第17章 诡医(1/2)

王福一行人狼狈逃回镇子,带来的不仅仅是“陈老鬼拒礼立威”的消息,更是一种深入骨髓的恐惧。

那胖管家煞白的脸色和语无伦次的描述,将陈平安小院描绘成了一个生人勿近、有红衣厉鬼坐镇的绝凶之地。

消息如同投入死水潭的石子,在青牛镇狭窄的街巷间迅速漾开,激起的却不是涟漪,而是无声的惊涛。

镇民们看陈平安那座破旧祖宅的眼神,彻底变了。

以往是混杂着厌恶、怜悯和一丝幸灾乐祸,如今则只剩下纯粹的恐惧和深深的敬畏。

路上若是远远瞧见那个拄着木棍、看似年轻十岁,头发也不在花白,腰背已经挺直了的身影,人们会立刻低下头,屏住呼吸,加快脚步绕道而行,仿佛多看一眼都会招来不测。

连平日里最是嚣张的泼皮无赖,也绝不敢再靠近镇西头那片区域半步。

“诡老头”陈平安的名号,不再仅仅是戏谑和蔑称,而是成了一个带着血腥气和阴冷寒意的禁忌。

一种新的、畸形的秩序,在无声无息中建立起来——以那座破宅为中心,划出了一片无形的禁区。

陈平安对这种变化心知肚明,却也乐得清静。

他需要时间,需要安静的环境来消化暴涨的修为,来熟悉《玄阴锻体术》的运转,来揣摩如何与屋内那位愈发莫测的“妻子”相处。

小院内,倒是多了几分难得的生气。

每日清晨,炊烟准时升起,虽然依旧是粗茶淡饭,但总算有了几分“家”的烟火气。

陈平安大部分时间都待在院中修炼。

淬体五重的修为让他气血旺盛,感官也敏锐了许多。

他尝试着更精细地引导体内那丝阴寒气流,按照《玄阴锻体术》的图谱,模拟那几个粗浅的招式动作。
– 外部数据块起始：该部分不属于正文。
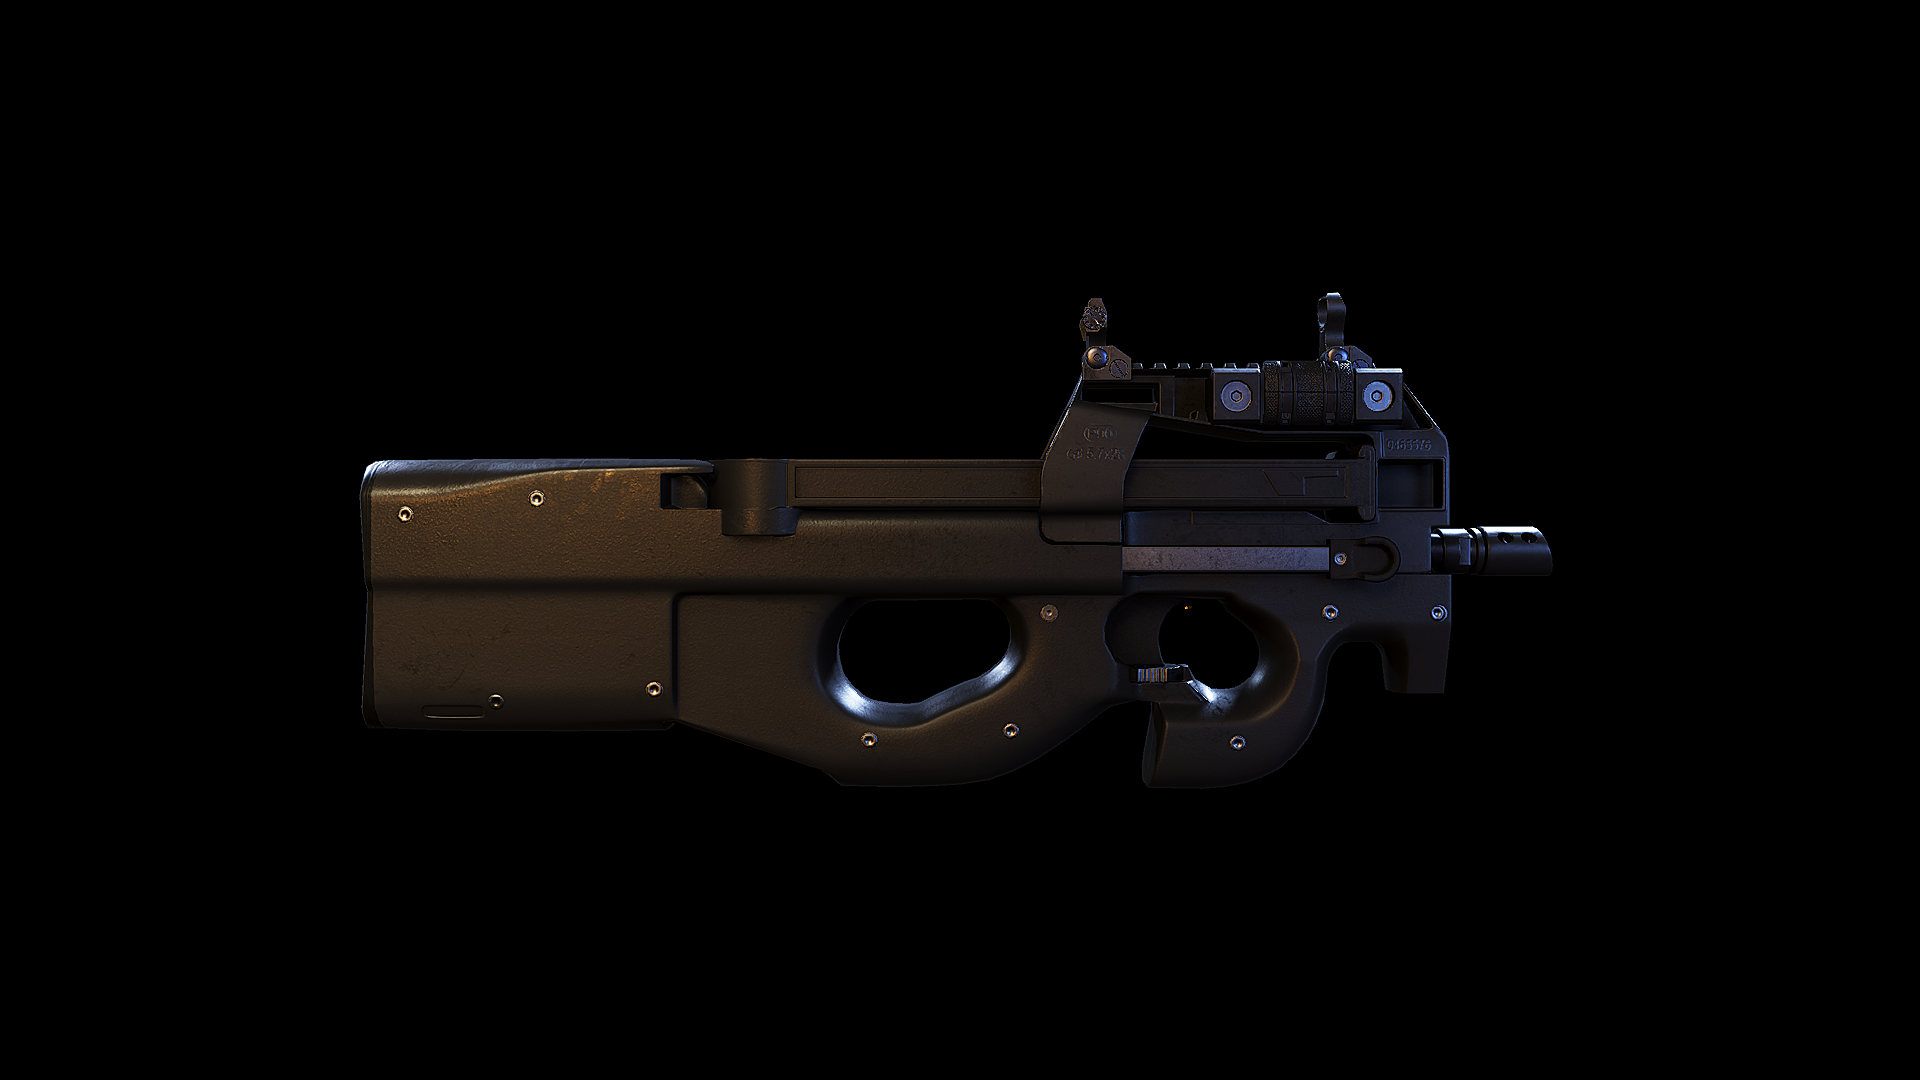 P90/Ghost Recon Wildlands

动作依旧生涩,但每一次演练,都能感觉到力量在筋骨间流转,对身体的掌控力在一点点增强。

修炼间隙,他会留意屋内的动静。

红衣大多数时间依旧静立在阴影中,如同亘古不变的雕塑。

但陈平安能隐约感觉到,当他全神贯注修炼《玄阴锻体术》时,空气中游离的阴气似乎更容易被汇聚过来,仿佛有一双无形的手,在暗中为他梳理着能量。
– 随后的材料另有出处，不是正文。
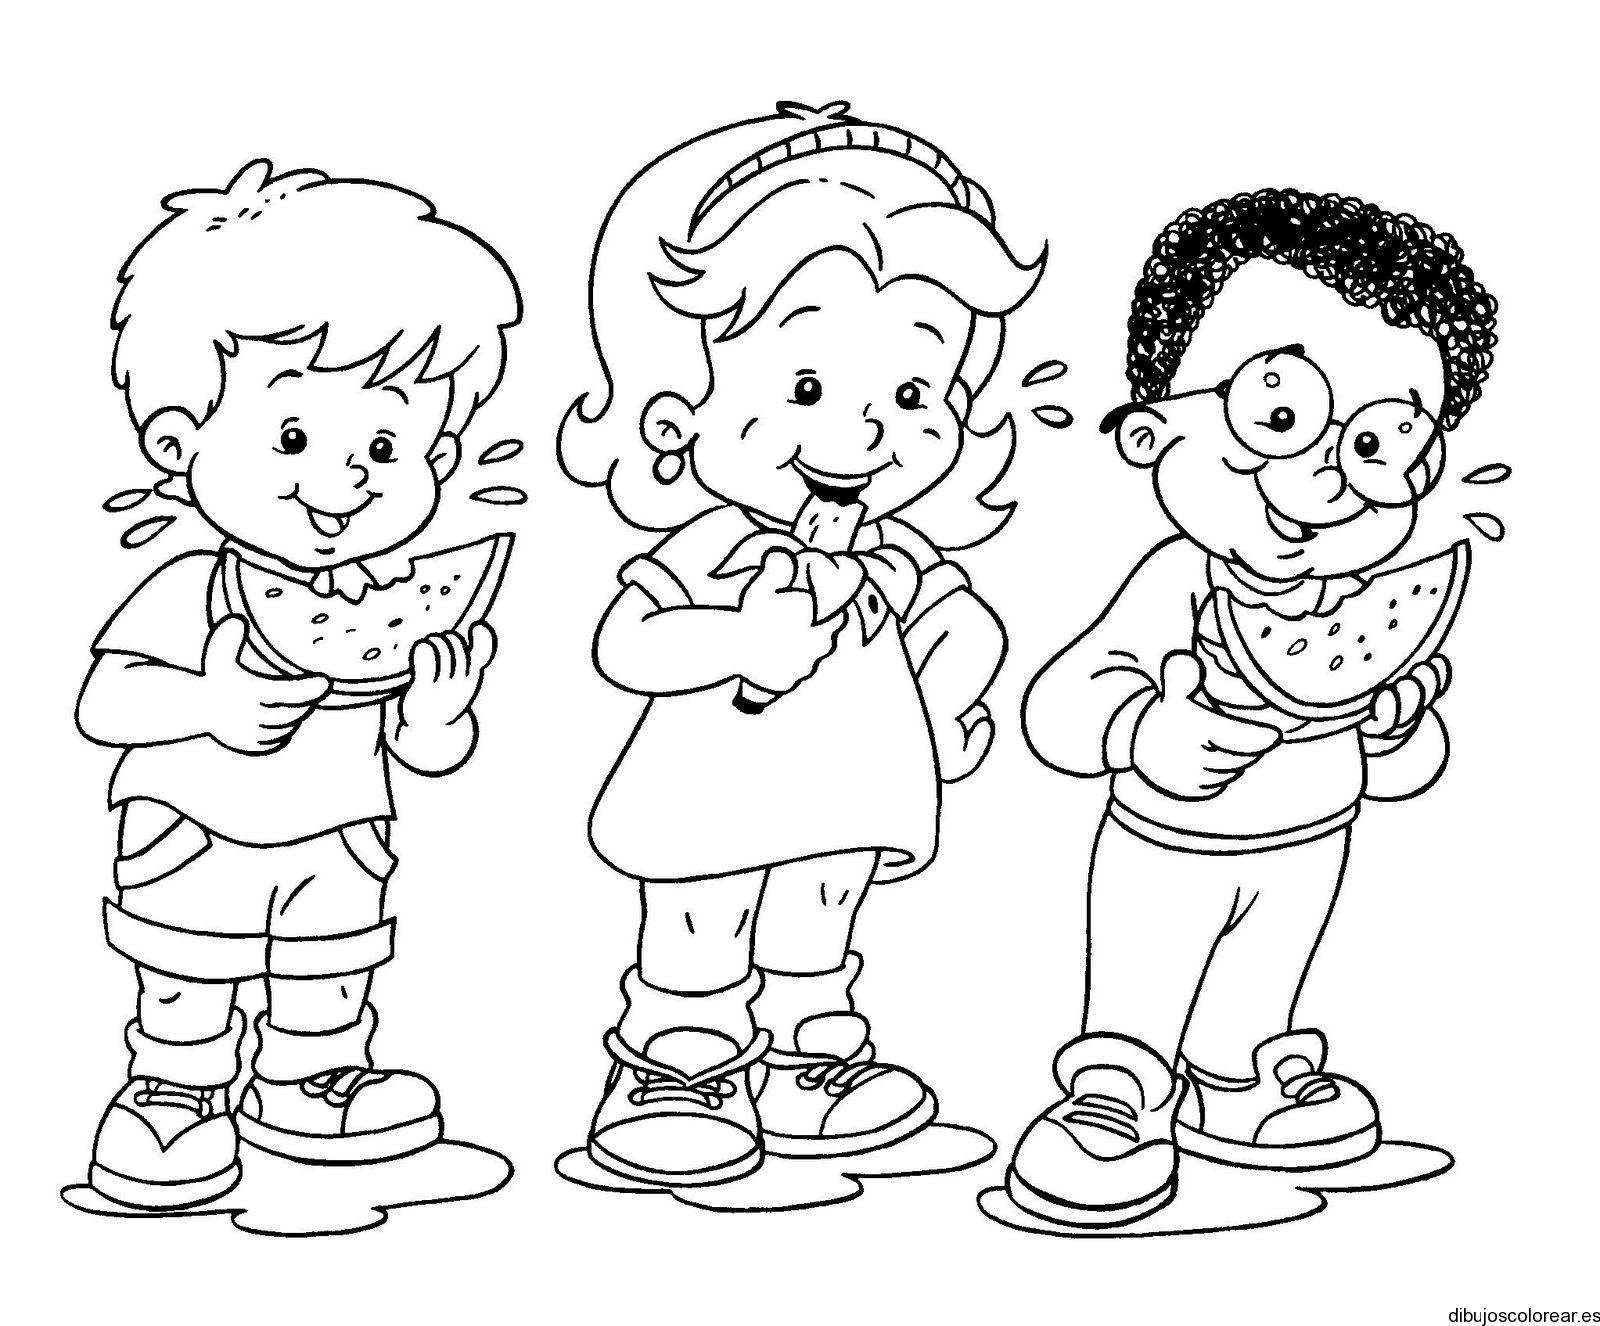 Resultado de imagen para dibujos de niños comiendo | PREJARDIN 2 ...

这细微的变化,让他心中那份冰冷的共生关系里,悄然渗入了一丝难以言喻的暖意。

亲密度依旧缓慢而坚定地增长着,达到了 13\/100。

这一日午后,陈平安刚结束一轮修炼,正闭目调息,感受着体内气感的壮大。

这时急促的脚步声由远及近,停在了篱笆门外。

来人似乎有些犹豫,在原地踱步了几下,才小心翼翼地敲了敲那扇破门板。

陈平安睁开眼,目光平静地望过去。

来人是镇东头的张老实,一个以木工为生、性格懦弱的中年汉子。

他此刻脸色惶恐,双手紧张地搓着衣角,眼神躲闪,不敢与陈平安对视。

“陈……陈老丈……”张老实的声音带着颤音,“叨……叨扰您老了。”

“有事?”陈平安语气平淡。

张老实噗通一声跪了下来,带着哭腔道:“老丈救命啊!我家……我家婆娘前几日去后山捡柴,回来就中了邪,整日胡言乱语,浑身发冷,眼看着就不行了。”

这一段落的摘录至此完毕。